Colette stopped. She turned, burst out of the crowd, and ran back to him. “I’m such a fool,” she said. “I’m not going.”

“Get on board,” said Younger. “You’ll regret it—you’ll resent it—the rest of your life if you don’t.”

The ship spoke in an earsplitting blast. Seagulls took flight. The call for all passengers went out.

Colette buried her cheek on his chest.

“Go on,” said Younger. “It won’t be so hard. You can cry on my shoulder in Vienna when we get there.”

She looked at him; he looked back. “You don’t mean it,” she said.

“Why shouldn’t I come?” he asked. “You’re in love with me, not Heinrich.”

She didn’t deny it.

Younger went on: “If I let you go by yourself, you might actually marry this convict. Don’t think I’m coming for your sake, though. It’s Heinrich I’m worried about. You don’t do a man any favors by marrying him when you’re in love with someone else. You’d be killing him, slowly but surely. Besides”—he removed from his jacket another ticket for passage on the George Washington—“my bags are already on board.”

Colette’s whole body seemed to exhale with relief, and she smiled her most irresistible smile. As the ship steamed out to open sea, the three uncorked a bottle of champagne. Even Luc was allowed to try a little.

PART III

TWELVE


THE UNITED STATES should have been all fanfare and barnstorm in the autumn of 1920, all marching bands and whistle-stop. Americans were electing a new president, and the excitement always appurtenant to that event should have been redoubled in 1920 because women for the first time had the right to vote. One of the major candidates—the Republican, Senator Warren G. Harding—might even have been nominated with the fairer sex in mind.

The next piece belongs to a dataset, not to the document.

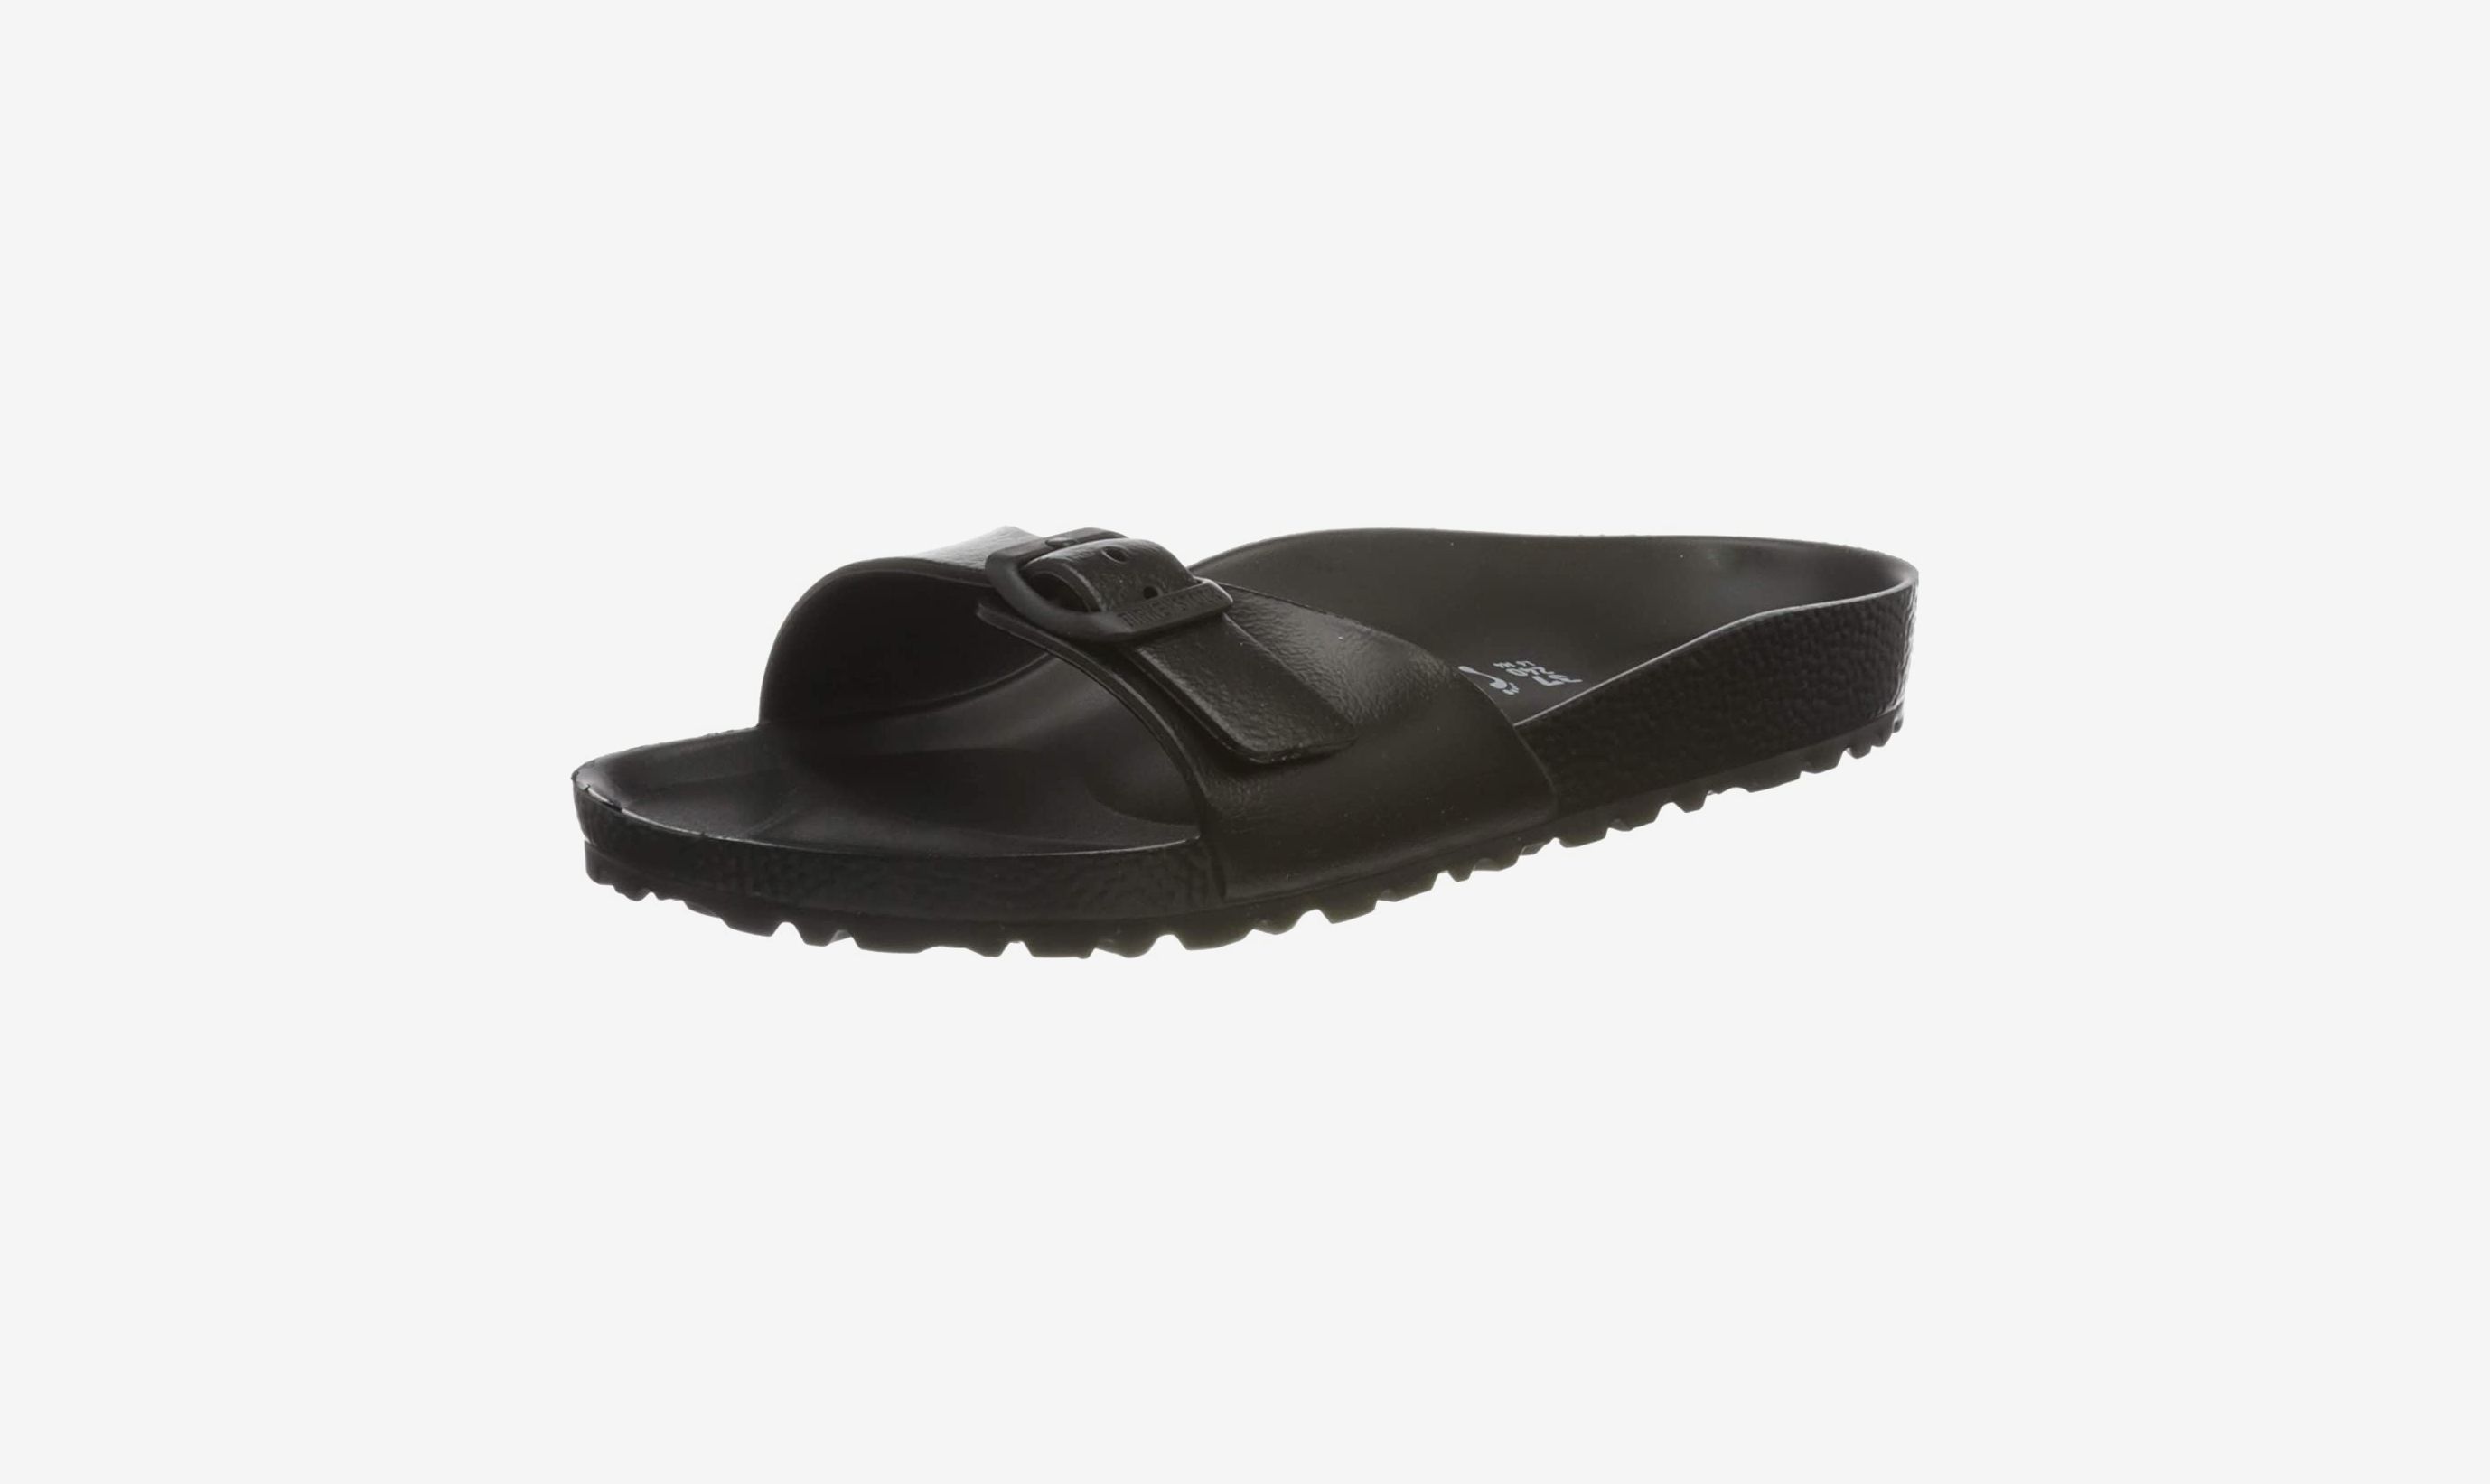 Images for Men's Black Slippers - Black | Mens sandals fashion, Mens  leather sandals, Leather slippers for men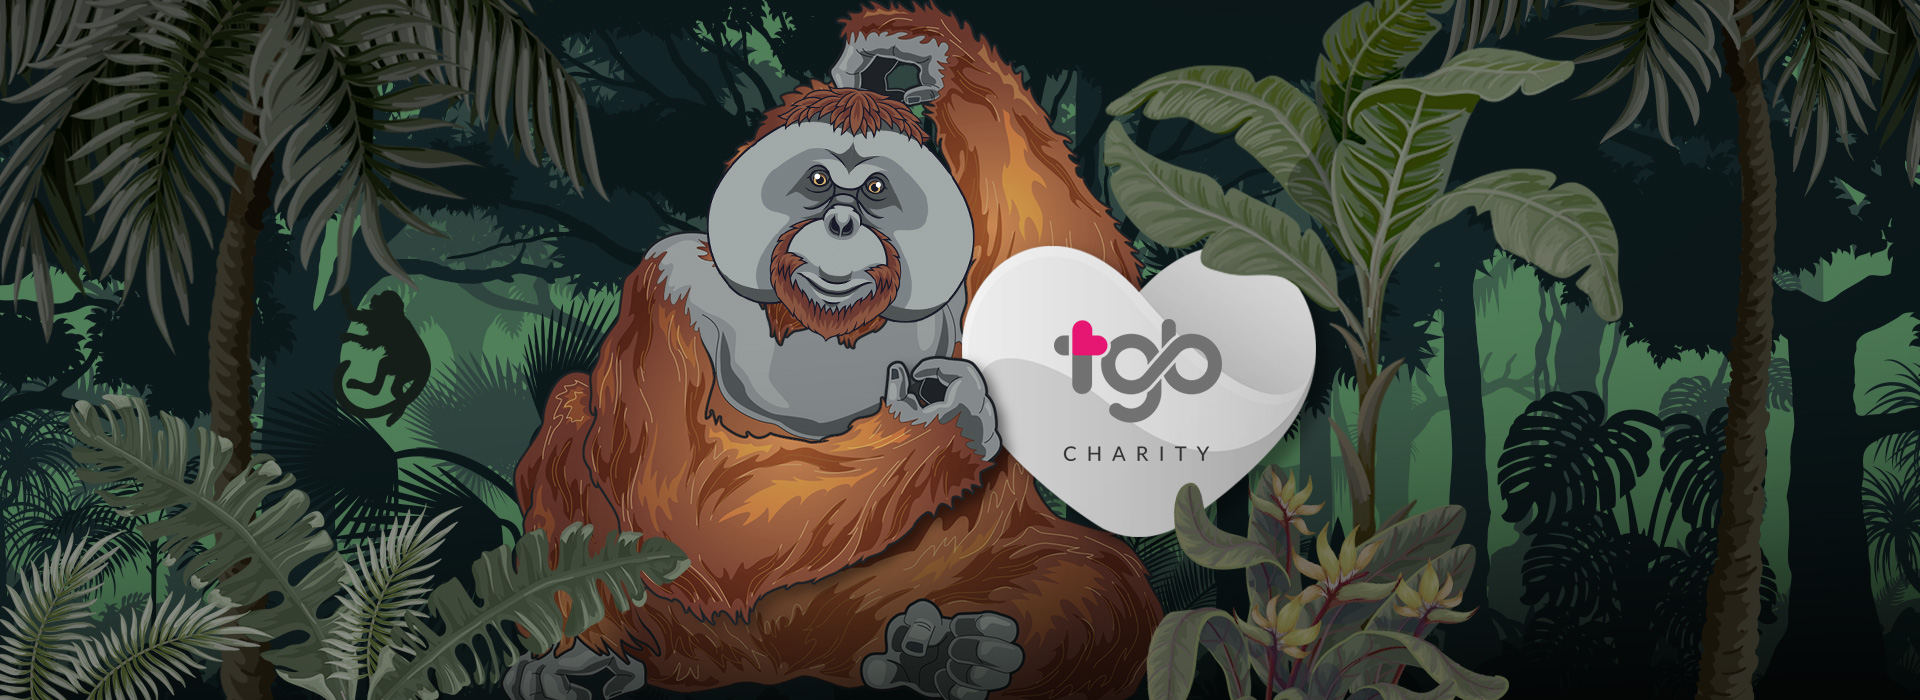 与可爱的森林园丁一起庆祝世界雨林日 - TGB Charity

Harding’s appeal to women was not a matter of speculation. It was established fact. He had a loyal wife of sixty-one, a longtime mistress of forty-seven, another mistress of thirty, and a flame of twenty-four still head over heels in love. “It’s a good thing I’m not a woman,” Harding liked to quip. “I can never say no.” Harding’s record of political accomplishment may have been thin, but with silver hair and dashing smile, with dark eyebrows, commanding eyes, and a strong chin, he was undoubtedly a presidential-looking man.

Yet the steam had gone out of the campaign locomotive. Unease hung too palpably wherever crowds gathered. Arrests and deportations went on, yet the terrorist attack remained unsolved. Men in power—rich men, governors, and senators—demanded remobilization. Newspapers demanded war. The cloud of smoke and flaming dust that blotted the sun from Wall Street on September sixteenth had not dissipated. Its pall had spread over the entire nation.

On September 27, the day Younger and Colette left for Europe, papers around the country reported that the Soviet dictator, V. I. Lenin, had infiltrated the United States with clandestine agents to foment labor unrest, terror, and revolution. In Boston the cab drivers struck, and there was a run on the banks. In Alabama, soldiers with machine guns prevented a miners’ strike. The third most popular presidential candidate, Eugene Debs, was an unabashed socialist, but at least he was in prison, having dared in 1918 to question the necessity of the war. Through it all, Prohibition parched the workingman’s throat, and the still-resounding echoes of September sixteenth made people hurry as they walked out of doors in the great cities. The country was holding its breath—and didn’t even know what for.

On Fourteenth Street in Manhattan, between Fifth and Sixth avenues, the Littlemores were enjoying a late-evening quarrel. It had begun in their kitchen and ended up in the street. The outdoor venue was more favorable to Mr. Littlemore; inside, it had become increasingly difficult for him to duck the objects thrown in his direction—not very heavy ones, mostly, and not very accurately—by Mrs. Littlemore.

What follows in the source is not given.